▶ [How to complete this task] Apart from the images, the entire listing below must be restated word for word.

▶ [Information shown]
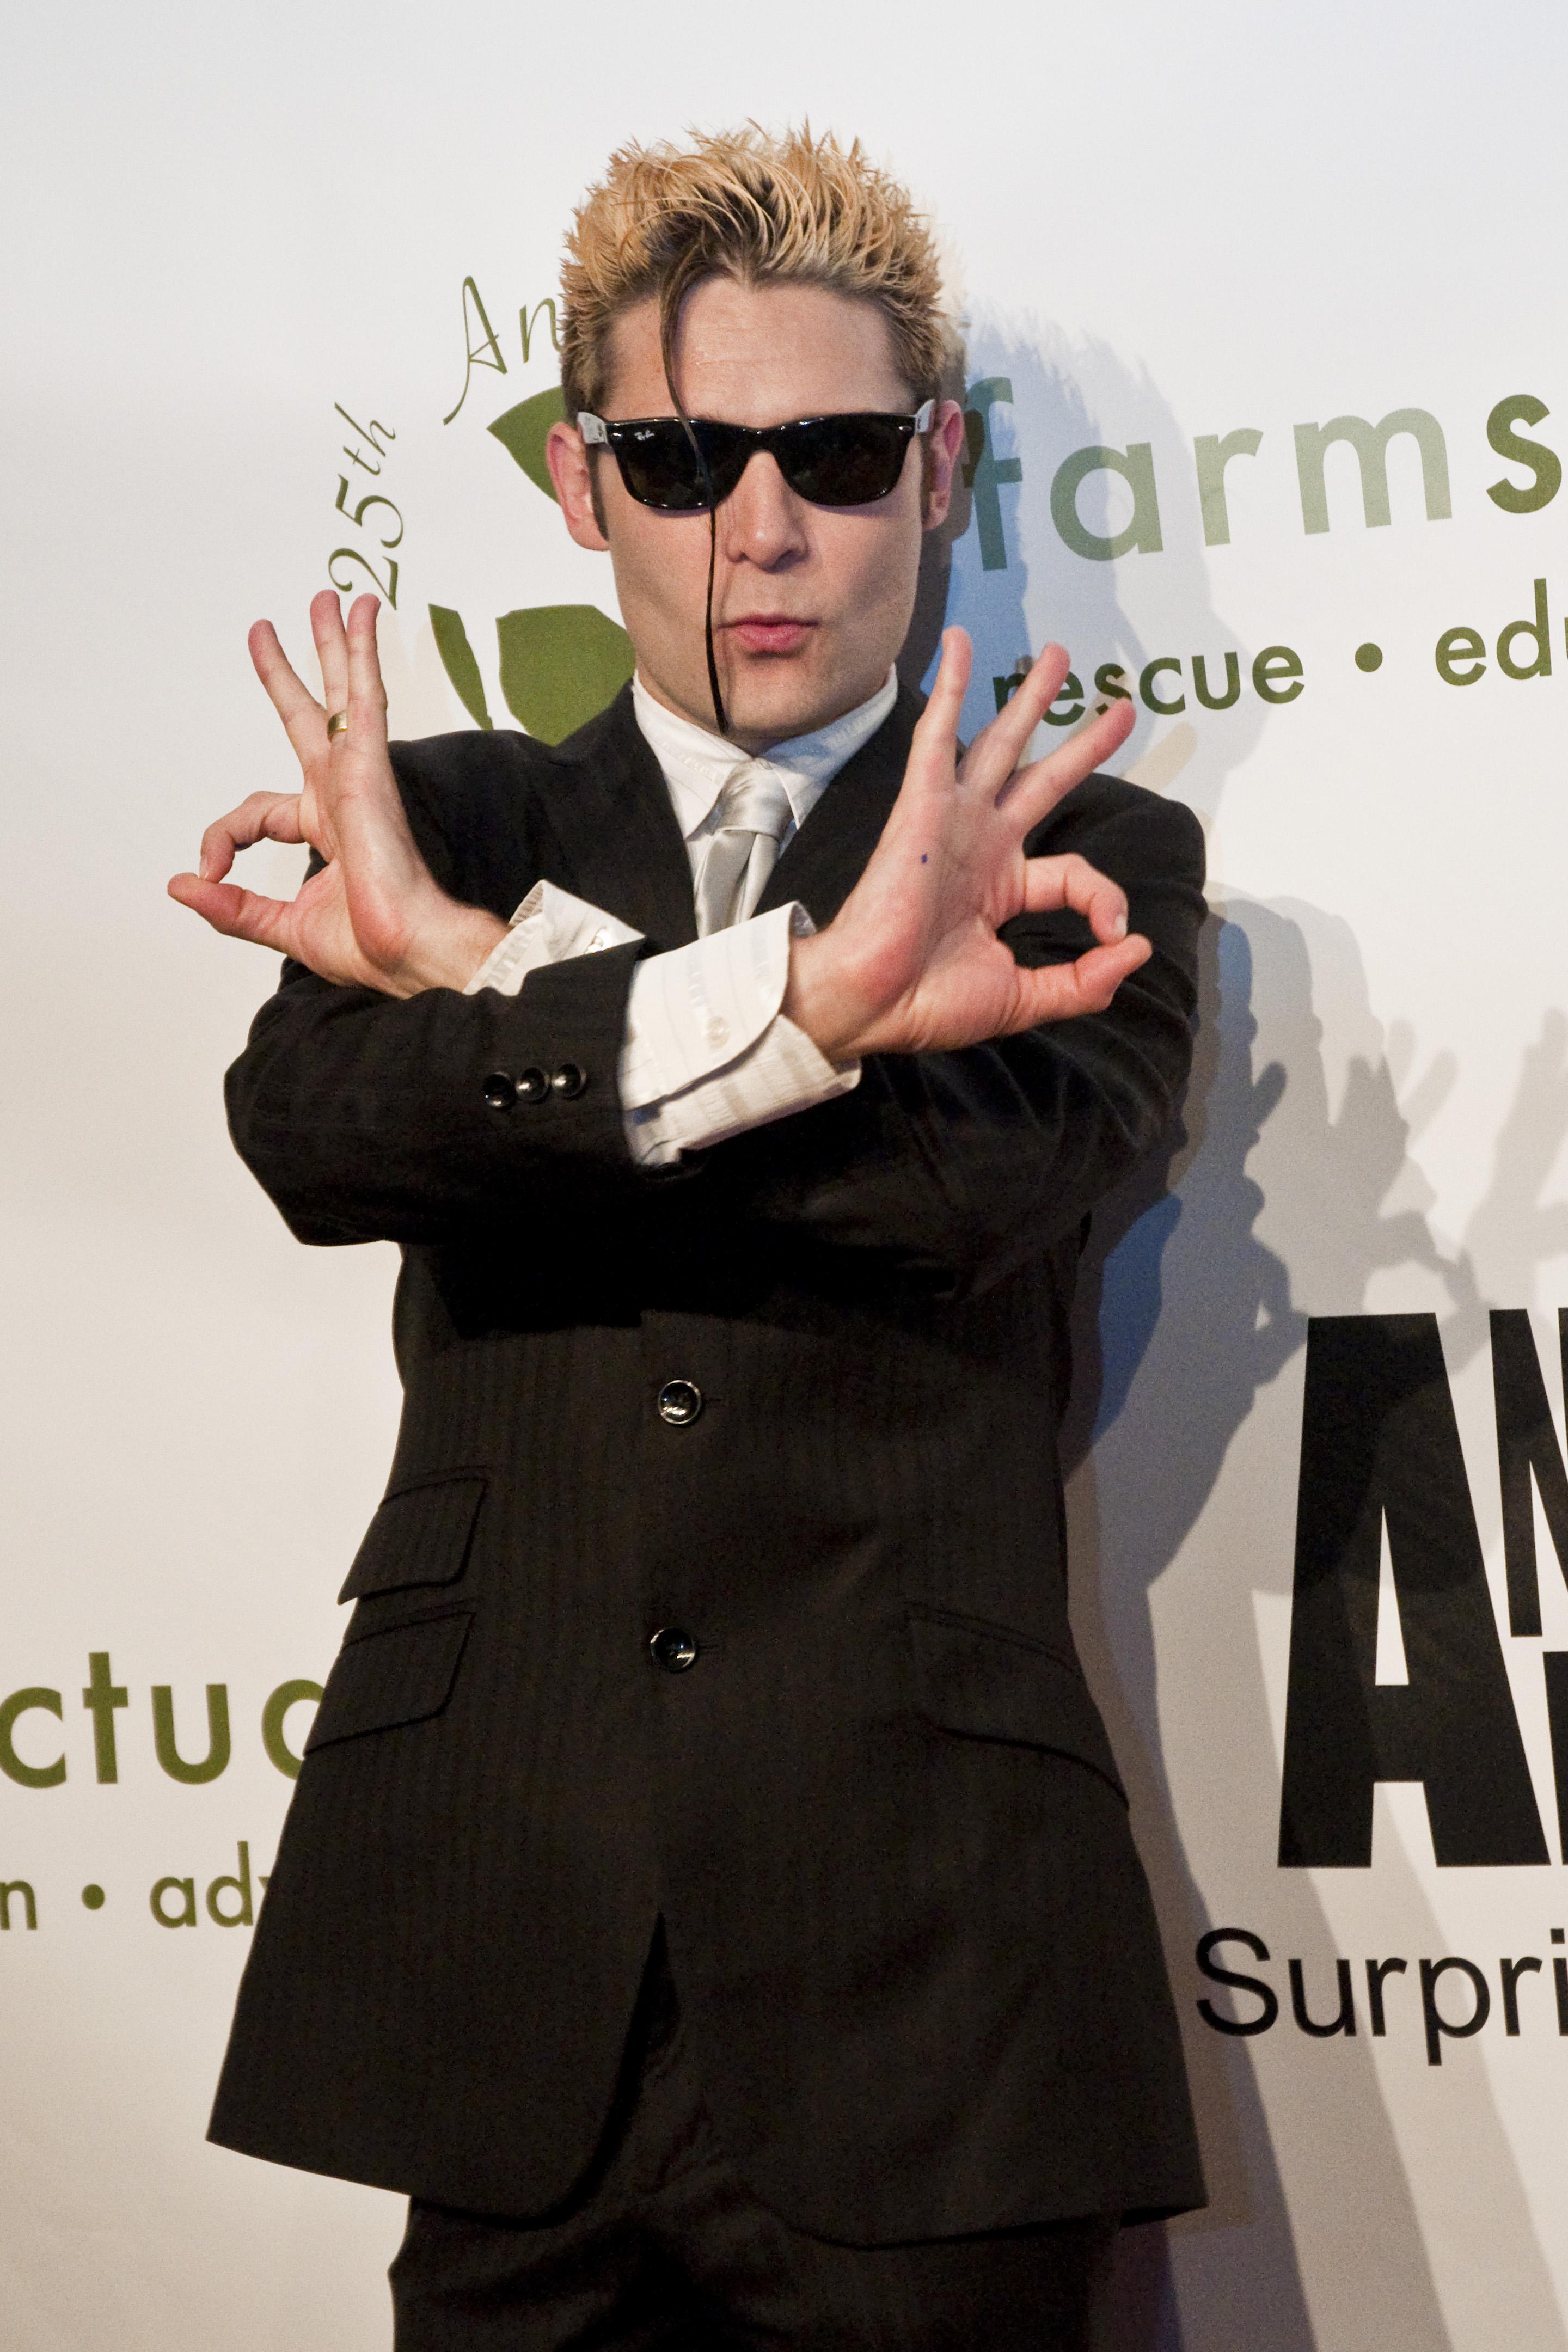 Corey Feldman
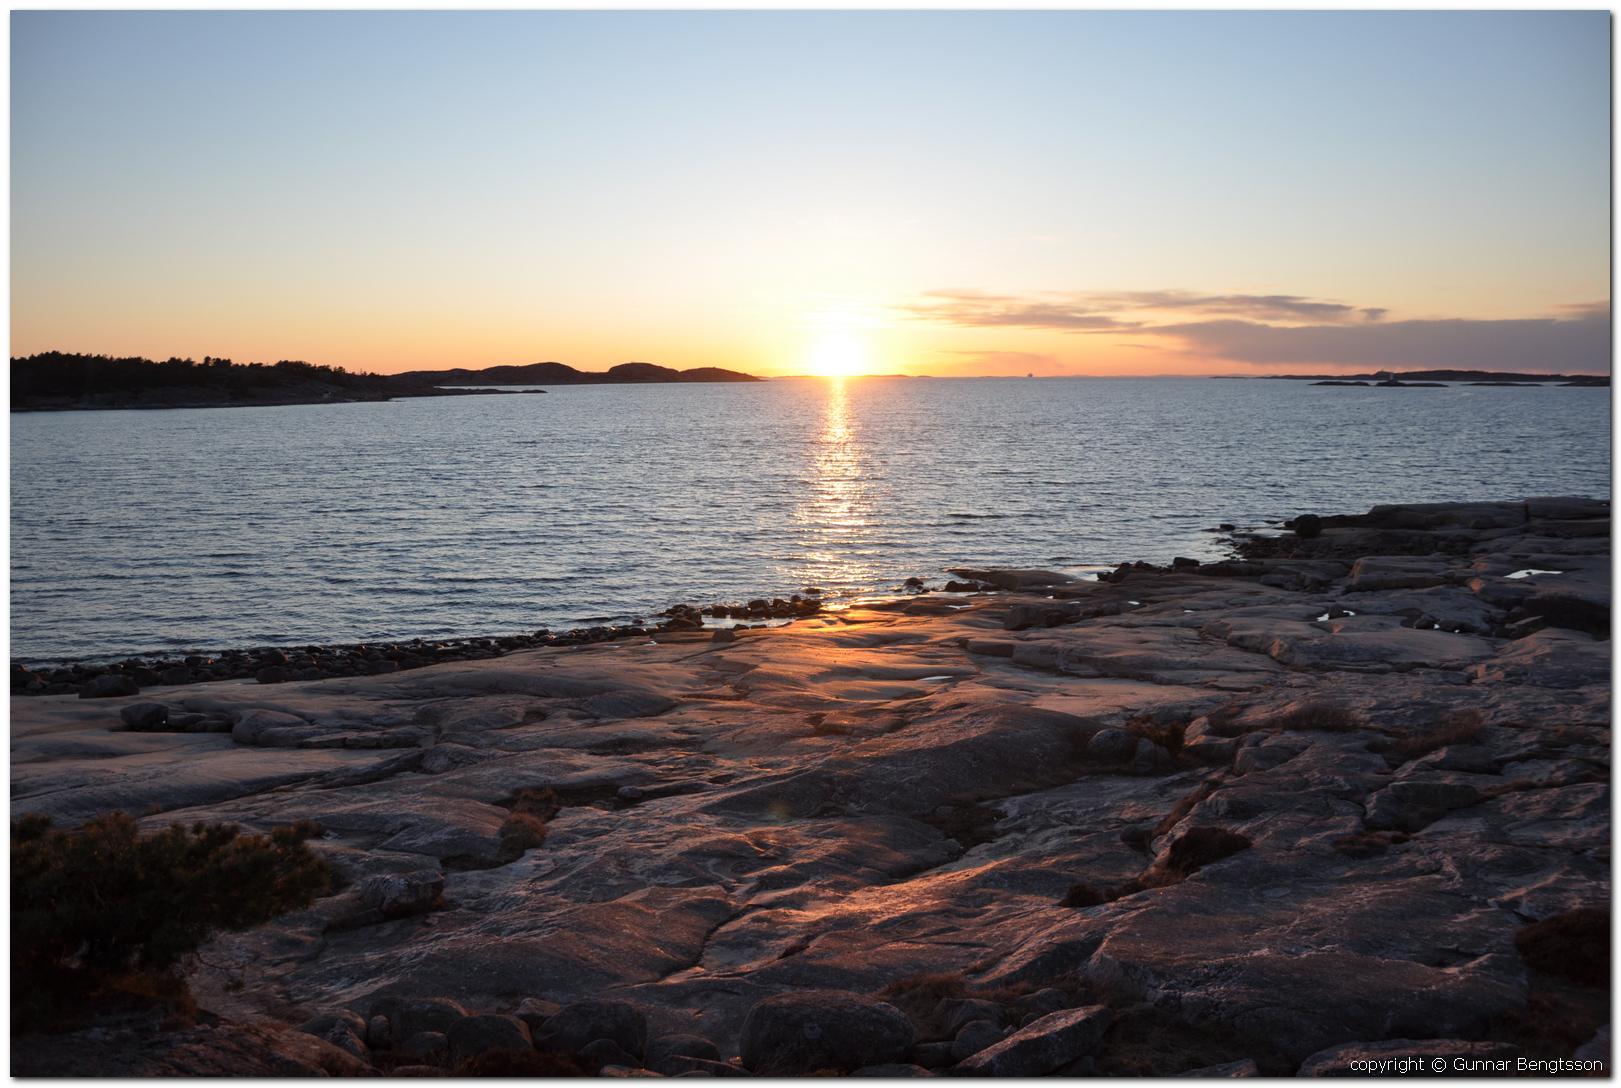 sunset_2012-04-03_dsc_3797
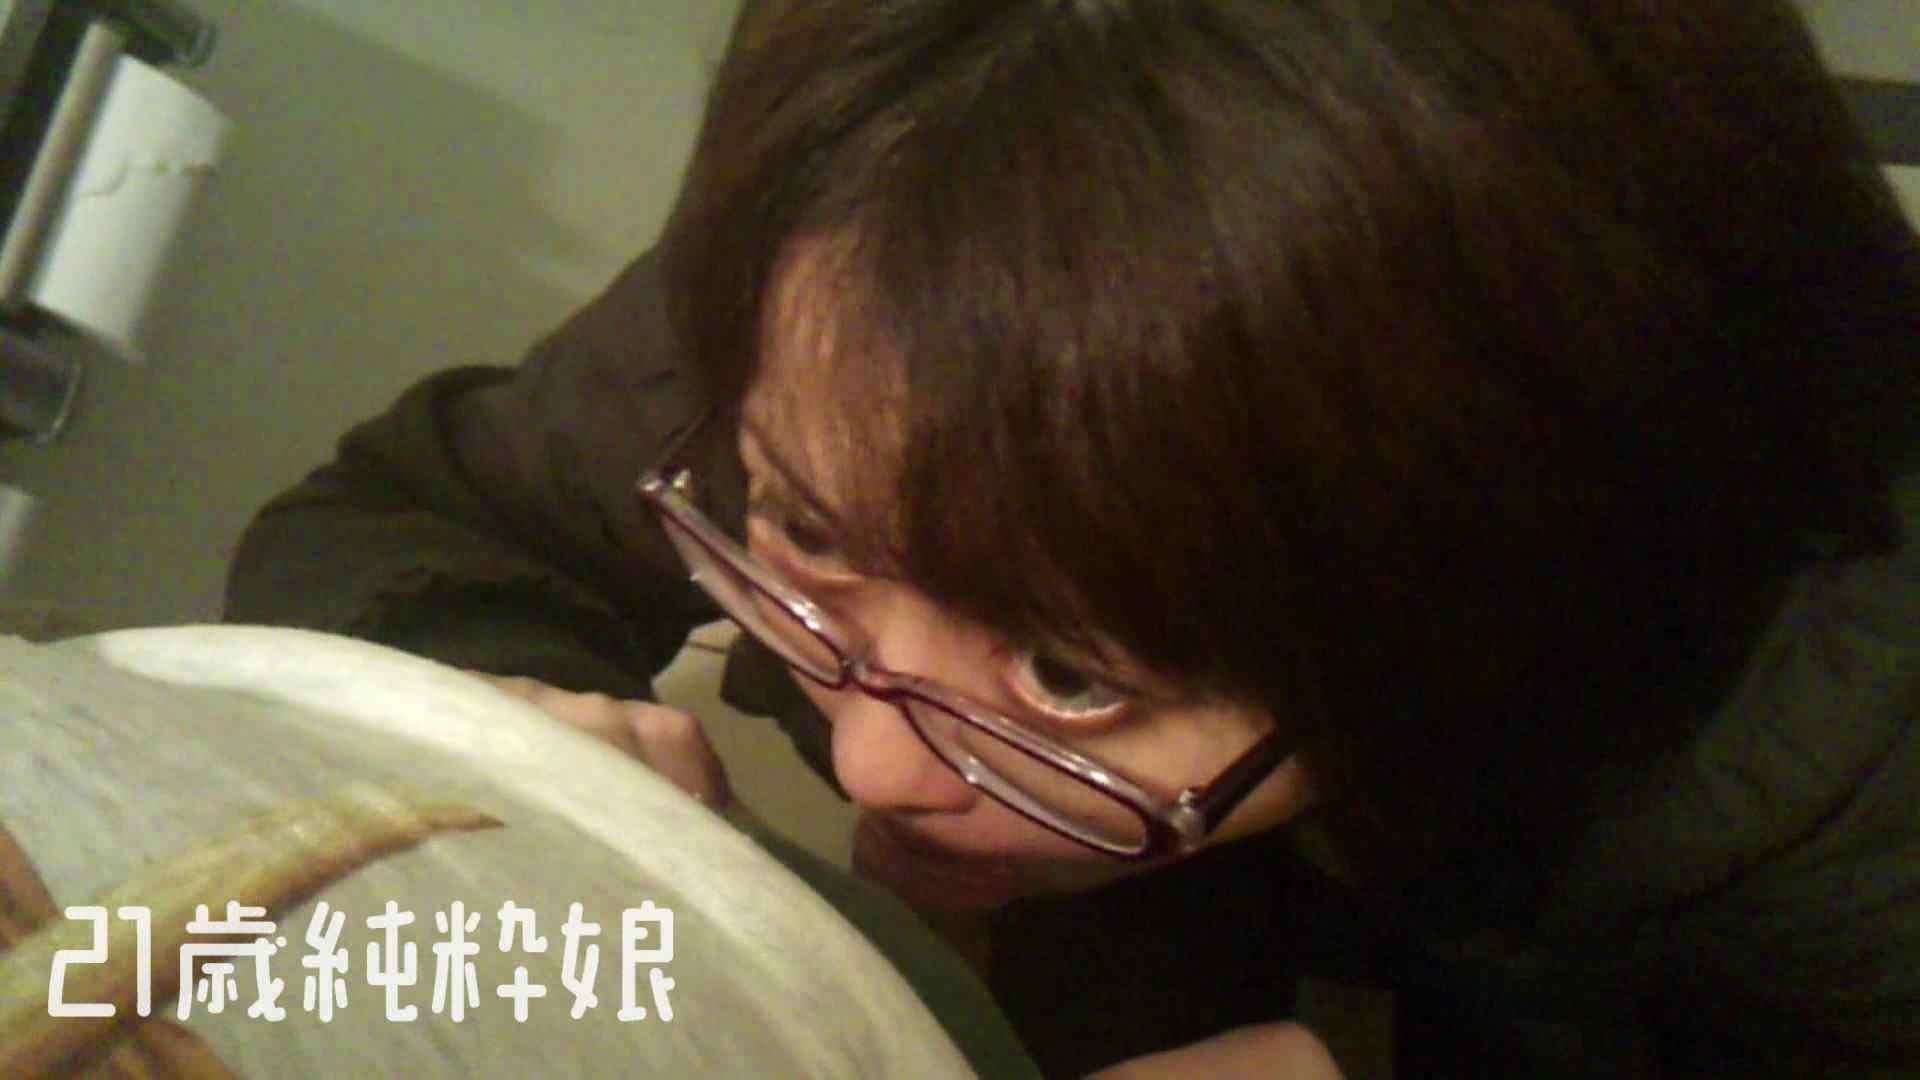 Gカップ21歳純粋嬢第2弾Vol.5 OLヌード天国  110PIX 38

▶ [Answer section]
 Corey Feldman
 sunset_2012-04-03_dsc_3797
 Gカップ21歳純粋嬢第2弾Vol.5 OLヌード天国  110PIX 38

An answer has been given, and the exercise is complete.